Copy the data that follows exactly, and include none of its images.

- RAW DATA
##########

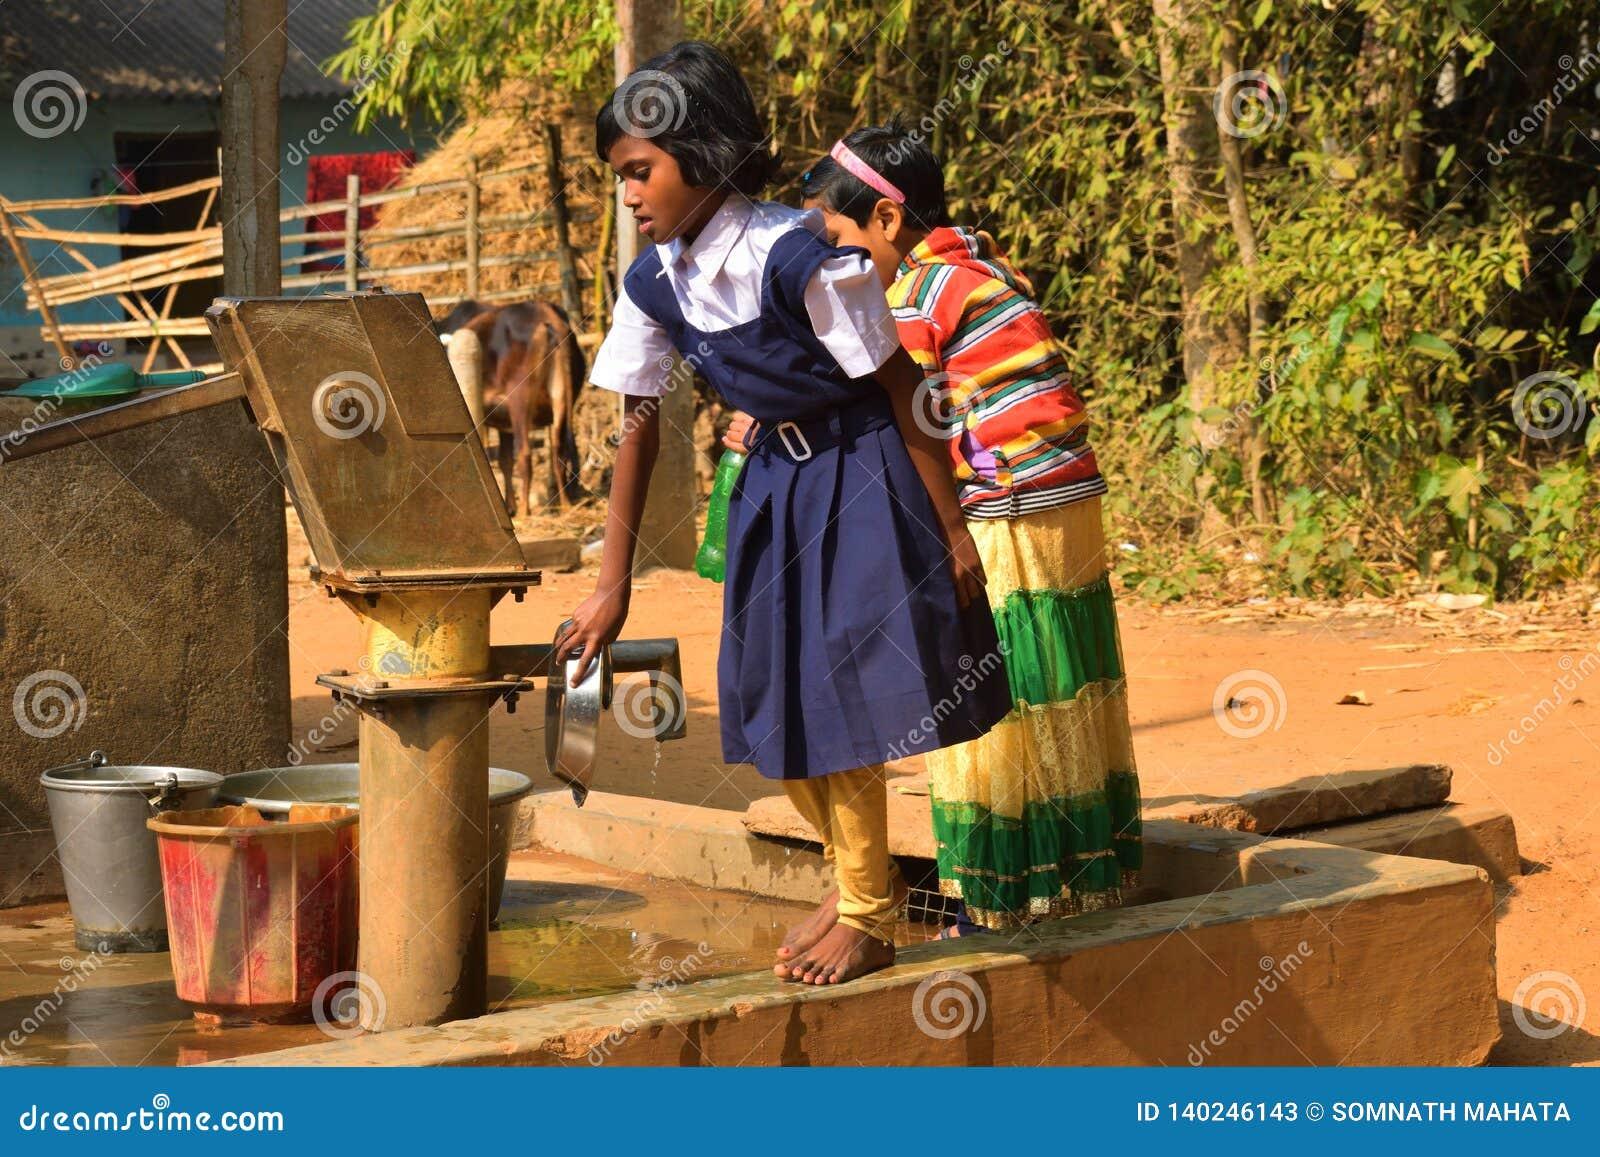 Två grundskola för barn mellan 5 och 11 årflickor tvättar deras hand och deras disk, innan de tar Mitt--dagen mål i en grundskola
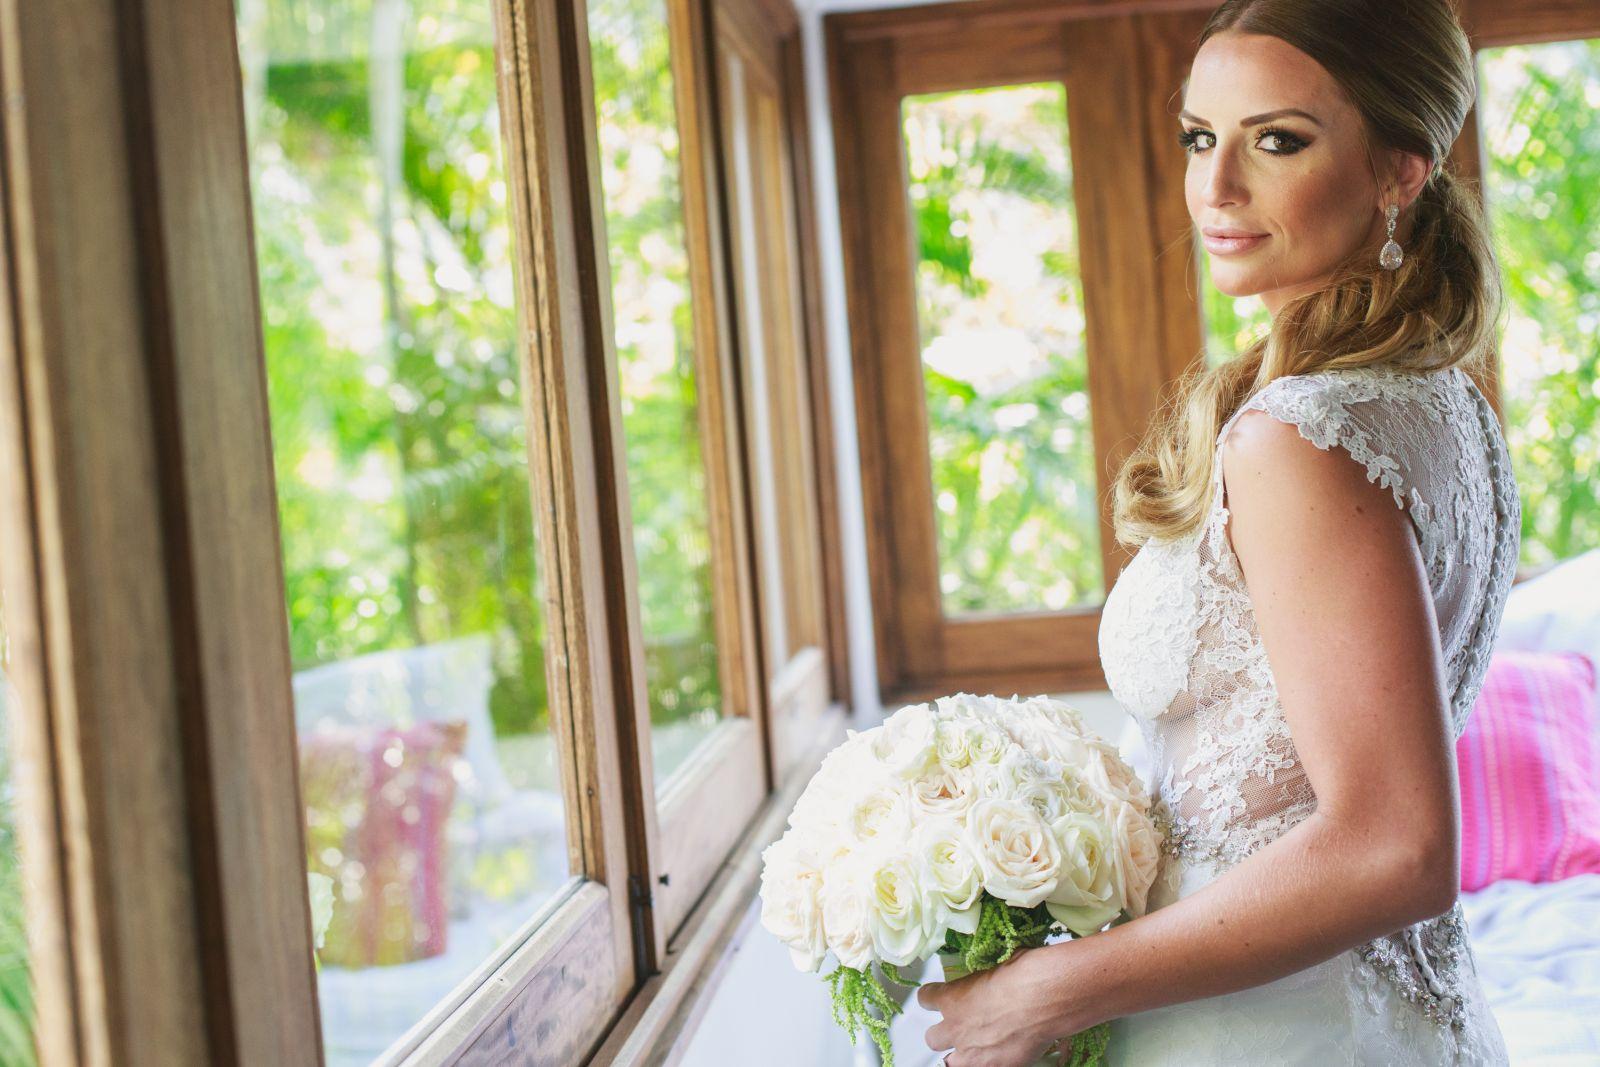 K&J lasCaletas 142 white roses for bridal bouquet
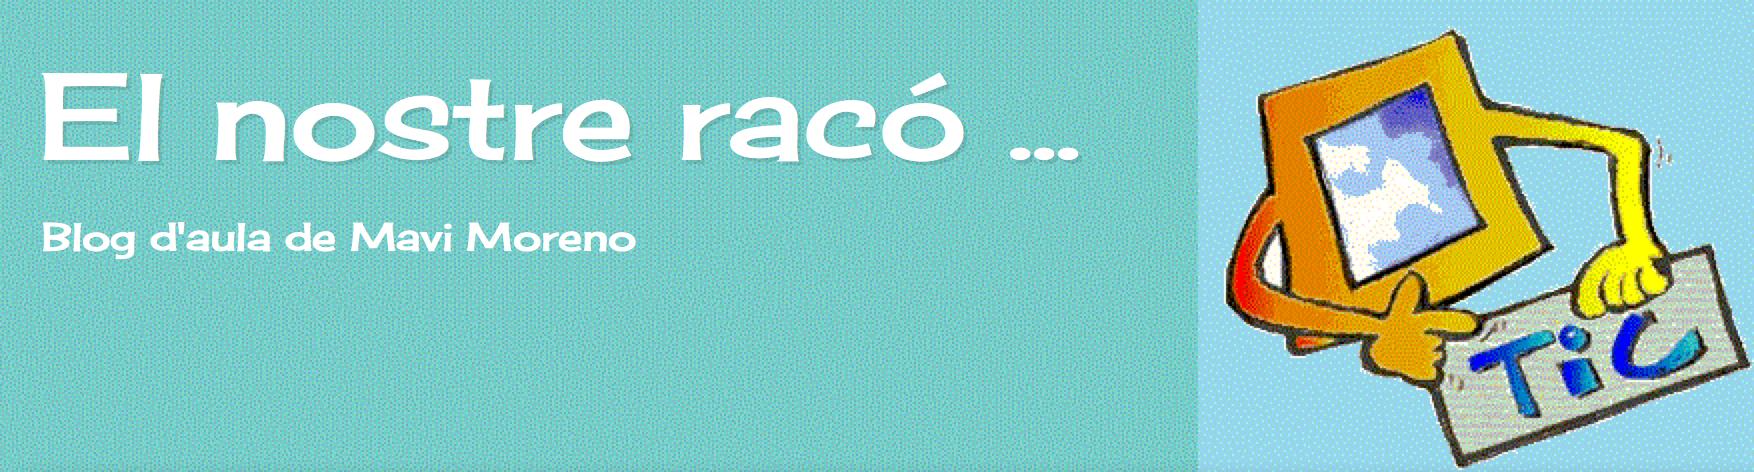 http://mavi-raco.blogspot.com.es/
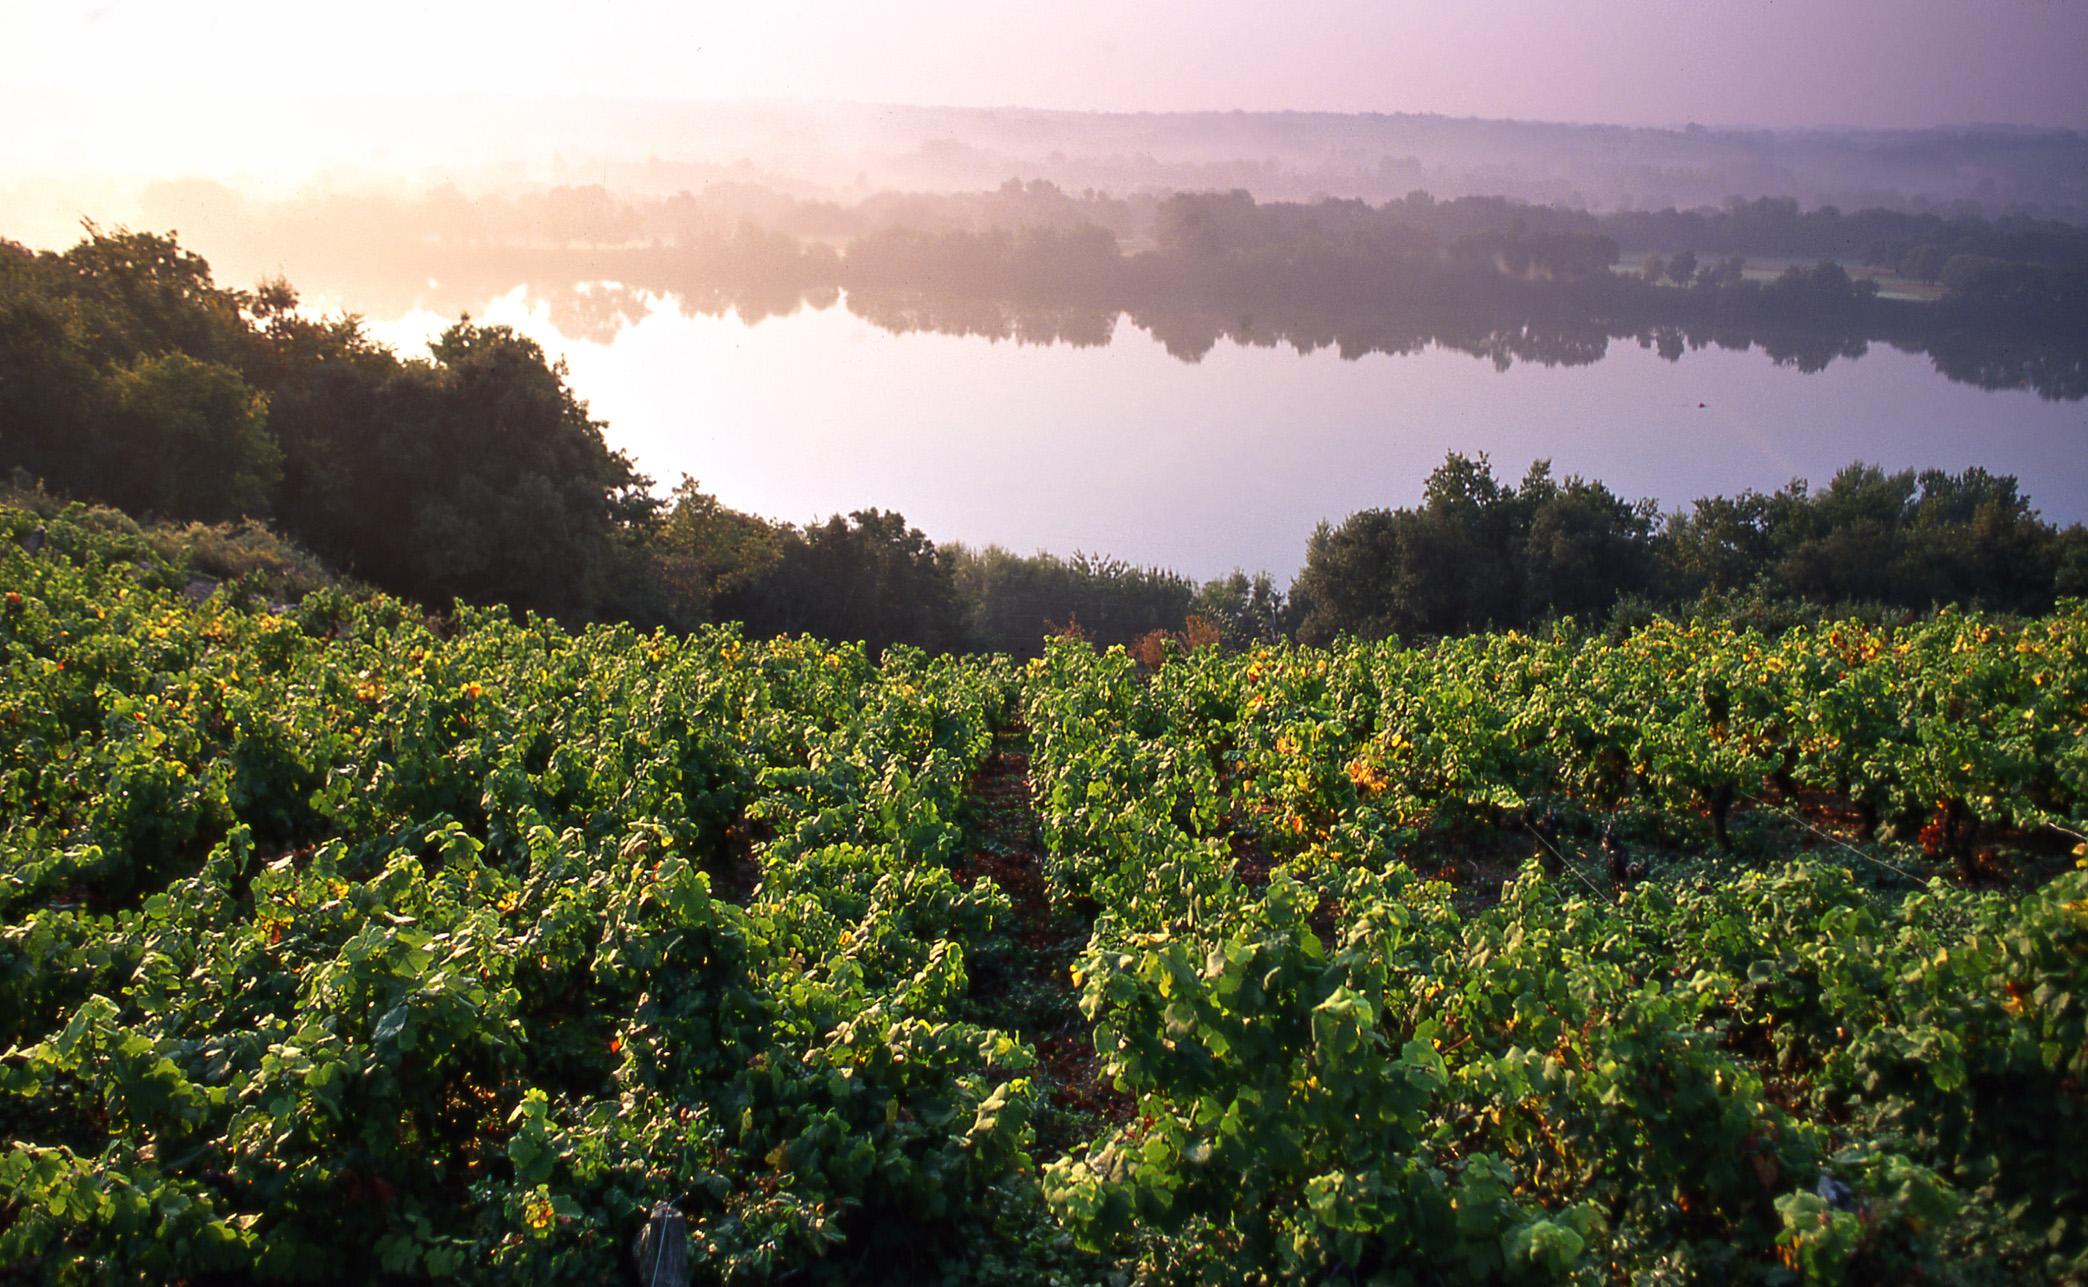 offre comité d'entrerpise vacance et loisirs en Pays de la Loire - offre comité d'entreprise magazine Influence!ce-20

##########

- ANSWER FOR THE TASK
 Två grundskola för barn mellan 5 och 11 årflickor tvättar deras hand och deras disk, innan de tar Mitt--dagen mål i en grundskola
 K&J lasCaletas 142 white roses for bridal bouquet
 http://mavi-raco.blogspot.com.es/
 offre comité d'entrerpise vacance et loisirs en Pays de la Loire - offre comité d'entreprise magazine Influence!ce-20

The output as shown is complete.